Георг Кроль снимает шляпу перед чем-то незримым в ночи.

– Спросил бы лучше другое, – отвечает он, – сколько же можно сидеть на острие иглы?

XI

С неба льет дождь. А из сада, клубясь, наплывают волны тумана. Лето захлебнулось в потоках дождя, стало холодно, и доллар стоит сто двадцать тысяч марок. С ужасным треском отваливается часть кровельного желоба, и вода, низвергающаяся перед нашим окном, похожа на стеклянную стену. Я продаю двух надгробных ангелов из неоглазуренного фарфора и венок из иммортелей какой-то хрупкой маленькой женщине, у которой двое детей умерли от гриппа. В соседней комнате лежит Георг и кашляет. У него тоже грипп, но он подкрепился кружкой глинтвейна, который я ему сварил. Кроме того, на постели вокруг него разбросано с десяток журналов, и он пользуется случаем, чтобы получить информацию о последних великосветских бракосочетаниях, разводах и скандалах в Канне, Берлине, Лондоне и Париже. Входит Генрих, как всегда в полосатых брюках с велосипедными зажимами и в темном дождевике в тон брюкам.

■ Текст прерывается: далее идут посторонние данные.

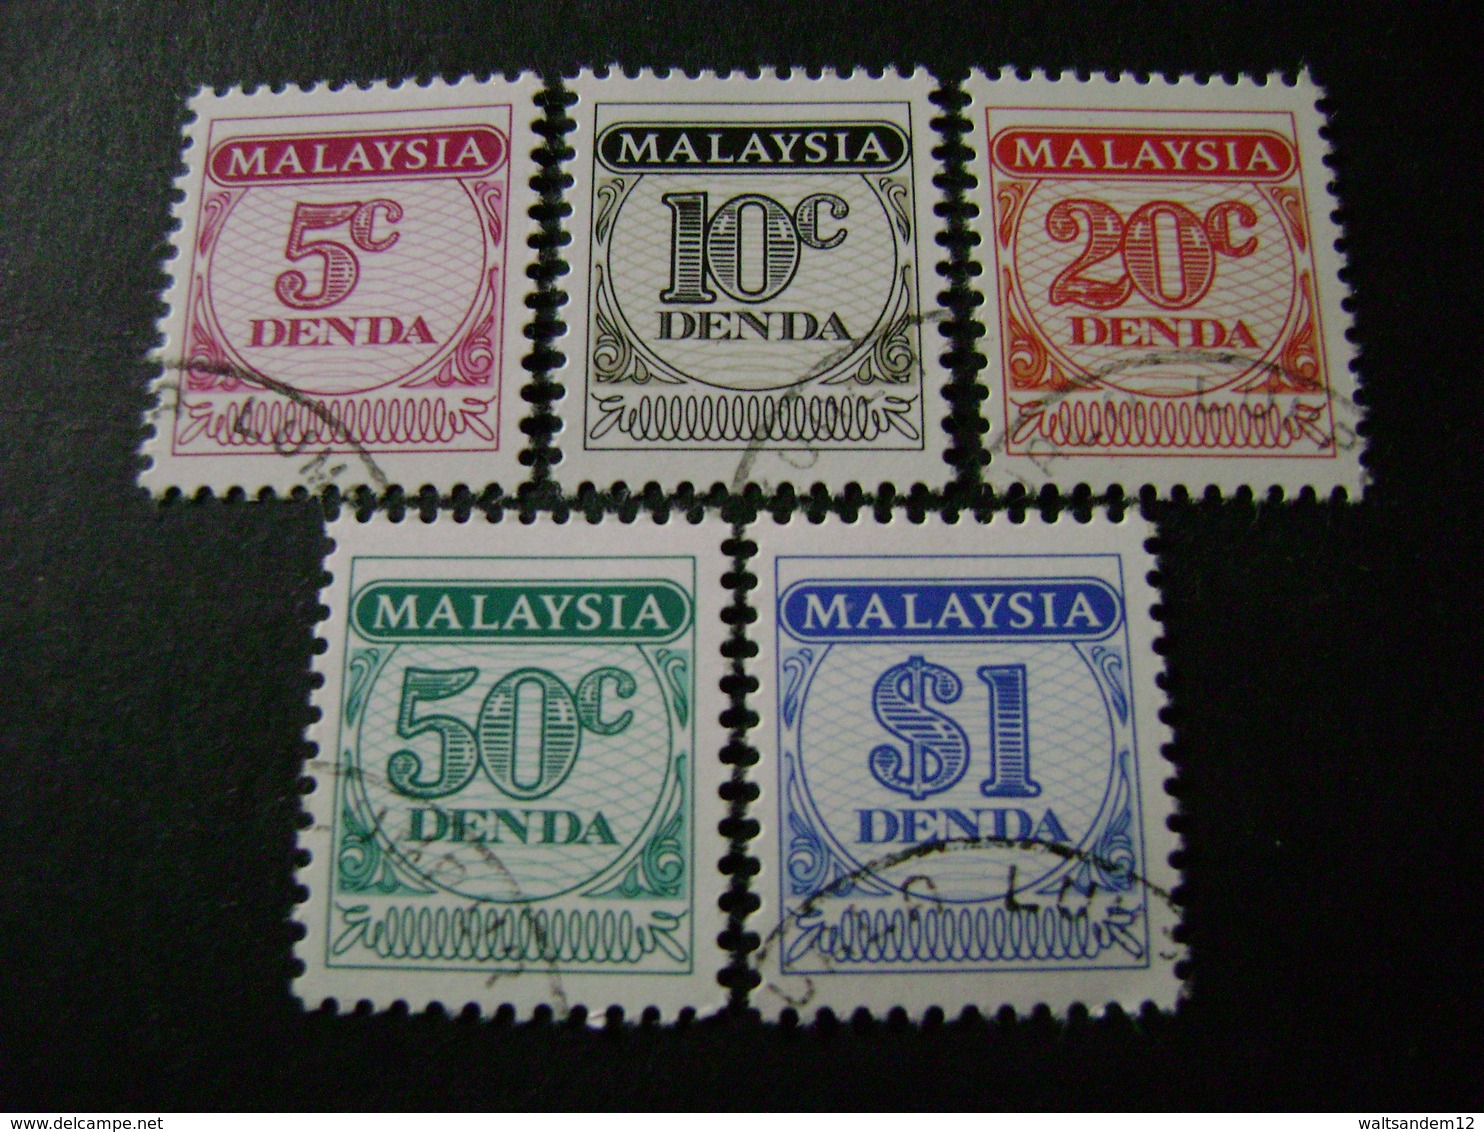 Malaysia 1986 Postage Dues (SG D22-D26) - Used - Malaysia (1964-...)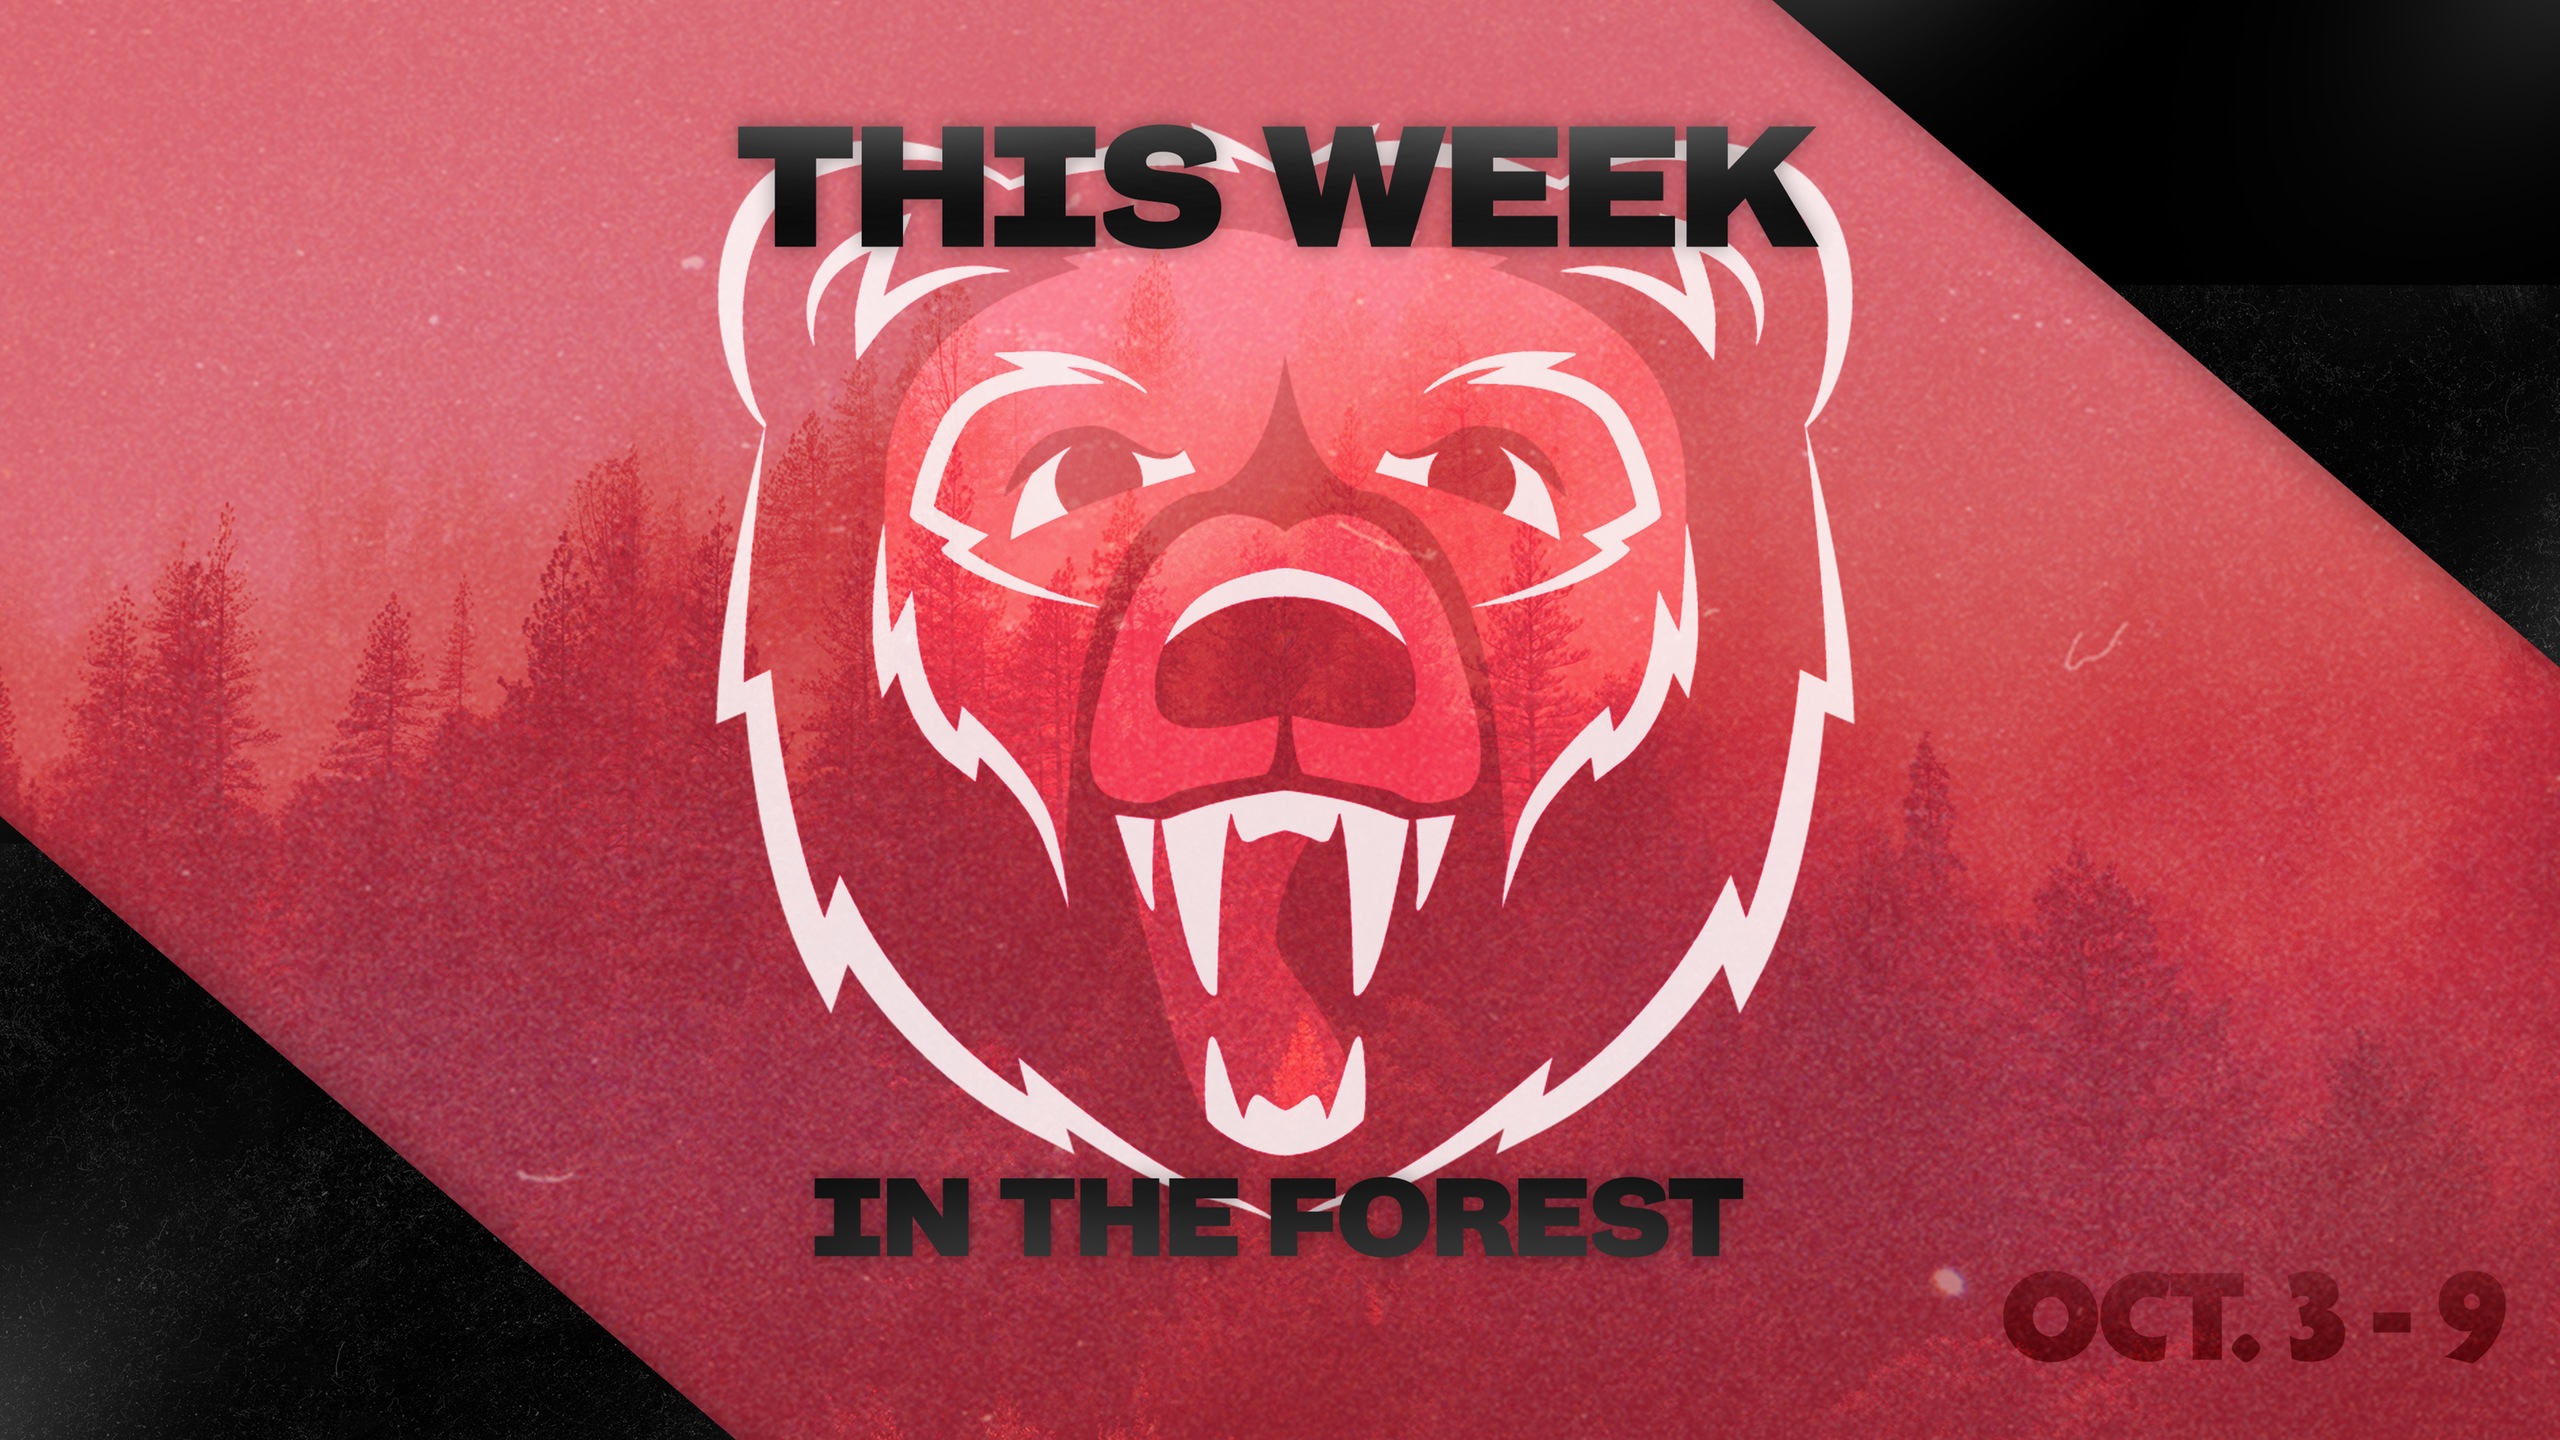 This Week in The Forest Oct. 3-9

– Не будете ли вы так любезны записать? Я продиктую вам некоторые заказы, – осведомляется он с неподражаемым сарказмом.

– Безусловно. Валяйте.

Он перечисляет: несколько надгробных камней из красного сиенита, мраморная доска, несколько решеток – будни смерти, ничего особенного. Потом он в нерешительности переминается с ноги на ногу, греет зад у холодной печки, рассматривает образцы каменных пород, которые уже лет двадцать лежат на полках в нашей конторе, и наконец выпаливает:

– Если мне будут чинить препятствия, то не удивительно, что мы скоро обанкротимся!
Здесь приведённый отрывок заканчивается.